So far so good we have a type with some invariant that gets checked when instantiating it. But now I want to make this type deserializable. If I know just derive(Deserialize) then the check of new won't be used and I could deserialize an invalid state, so basically the invariant is not guaranteed anymore.
Of course I can implement Deserialize myself but that seems a bit tedious for such a simple and very regular task as validating some invariant. Is there any better option than implementing Deserialize myself? Just note that this is a simple example in practice the structs might be bigger and the invariants more complicated.
A simplest way would be to have two structs: one with #[derive(Serialize, Deserialize)] on it, and another with something like TryFrom/Into targeting the first one. This way, you'll decouple storage format (handled by serde) from your invariants (handled by TryFrom).

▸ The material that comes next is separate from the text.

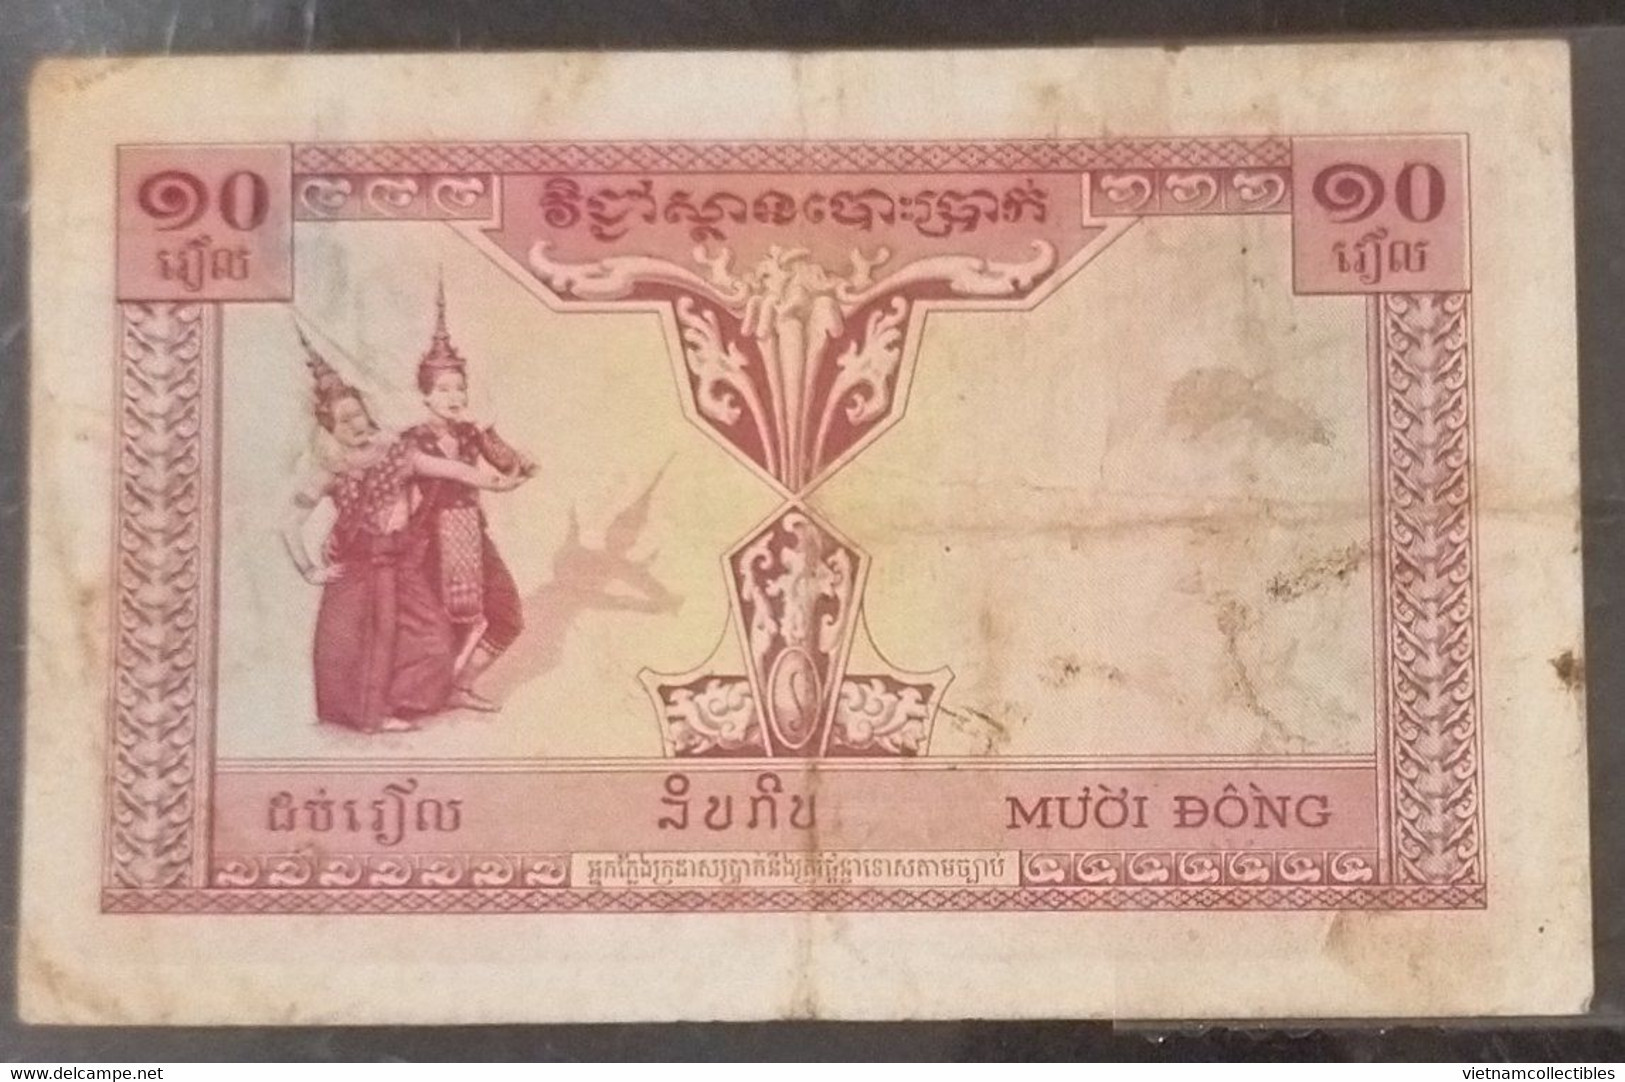 French Indochine Indochina Vietnam Viet Nam Laos Cambodia 1 Piastre VF Banknote Note 1953 - Pick # 96a / 2 Photos - Indochine

Yes, this is one approach I took in the past. I see the benefit of the separation in some cases but it also has the drawback that documentation is now scattered across two types. I would love my deserialization layer to kind of also document what format it expects AS WELL as what conditions it expects on it.
Also would you recommend just duplicating the fields or would you go with a newtype on top of the raw type for such things?
You may know this, but you can have the validation struct be private so that there is only one (documented) public struct using serde(try_from). You still have the field duplication unless you have them both be wrappers to some inner type.
#[derive(Deserialize)]
#[serde(try_from = "ValueRangeUnchecked")]
pub struct ValueRange { min: i32, max: i32 } // Guarantees min <= max
impl ValueRange {
pub fn new(min: i32, max: i32) -> Result<Self, &'static str> {
if min <= max {
Ok(Self { min, max })
} else {
Err("Invalid")
}
}
}
#[derive(Deserialize)]
struct ValueRangeUnchecked { min: i32, max: i32 } // private!
impl TryFrom<ValueRangeUnchecked> for ValueRange {
type Error = &'static str;
fn try_from(src: ValueRangeUnchecked) -> Result<Self, Self::Error> {
ValueRange::new(src.min, src.max)
}
}
fn parse() {
let pair = ValueRange::deserialize(input).unwrap(); // Guaranteed min <= max
}
Thanks for this addition. Yes I was aware of this.
I still feel like there should be a simpler solution than this. It feels unnecessary and in our case it lead developers be tempted to go with the "easy" solution of just validating i.e. do
I'm not sure the the verify approach is any "easier" (I've added an actual implementation to my original post) - the number of lines is pretty much the same. I do admit that one needs to know how to do it, but that would be true for any other approach as well.
You don’t necessarily need any TryFrom implementation, or even (in this simple case) a second custom type. You can fit everything into one impl Deserialize:
impl<'de, T> serde::Deserialize<'de> for OrderedPair<T>
where
T: Ord + serde::Deserialize<'de>,
{
fn deserialize<D>(deserializer: D) -> Result<Self, D::Error>
where
D: serde::Deserializer<'de>,
{
let (left, right) = <(T, T)>::deserialize(deserializer)?;
OrderedPair::new(left, right).ok_or_else(|| serde::de::Error::custom("mis-ordered pair"))
}
}
impl Deserialize from scratch is complex, but impl Deserialize that delegates to another impl Deserialize is not.
Which is in my opinion bad practice because at some point we will just forget to call verify for some of the deserialized stuff.
While I understand your hesitancy to expose functions that allow one to construct an instance of your type without upholding its invariants, at some point that is not possible. Nothing stops a Deserializeimpl from being incorrectly implemented nor is there anything that stops your own developers from constructing an instance directly via its constructor. Try to define such additional functions which the same accessibility as its constructor; thus making OrderedPair::verify private just like its constructor and not pub as you have done in your example.
You may be able to get Clippy to assist you with the single_call_fn lint. By adding something like
#[deny(dead_code, reason = "want to only call this in one specific area")]
#[expect(clippy::single_call_fn, reason = "want to only call this in one specific area")]
fn foo() {}
you will ensure that there is exactly one place where that function is called; of course if you need to call it more than once, then this won't help.
Last
I would love my deserialization layer to kind of also document what format it expects
What do you mean by "format" exactly? You don't mean to say you want the format to be JSON or some other specific data format do you? If so, you have no choice but to define a private type that implements Deserialize, then define a pub function on OrderedPair that takes in a slice/str that specifically calls something like serde_json::from_str; otherwise anyone will be able to deserialize your type using any format. Of course that's one of the main points of Serde: to allow library authors to define a single "deserialize" function without forcing downstream code to conform to some pre-determined format but instead allowing downstream code to dictate that specific format. If you do intend to force a specific format, you may be able to avoid Serde altogether depending on the library you use. For example, toml only needs the parse feature enabled to be able to deserialize TOML; then instead of using serde, you'd use the toml API directly.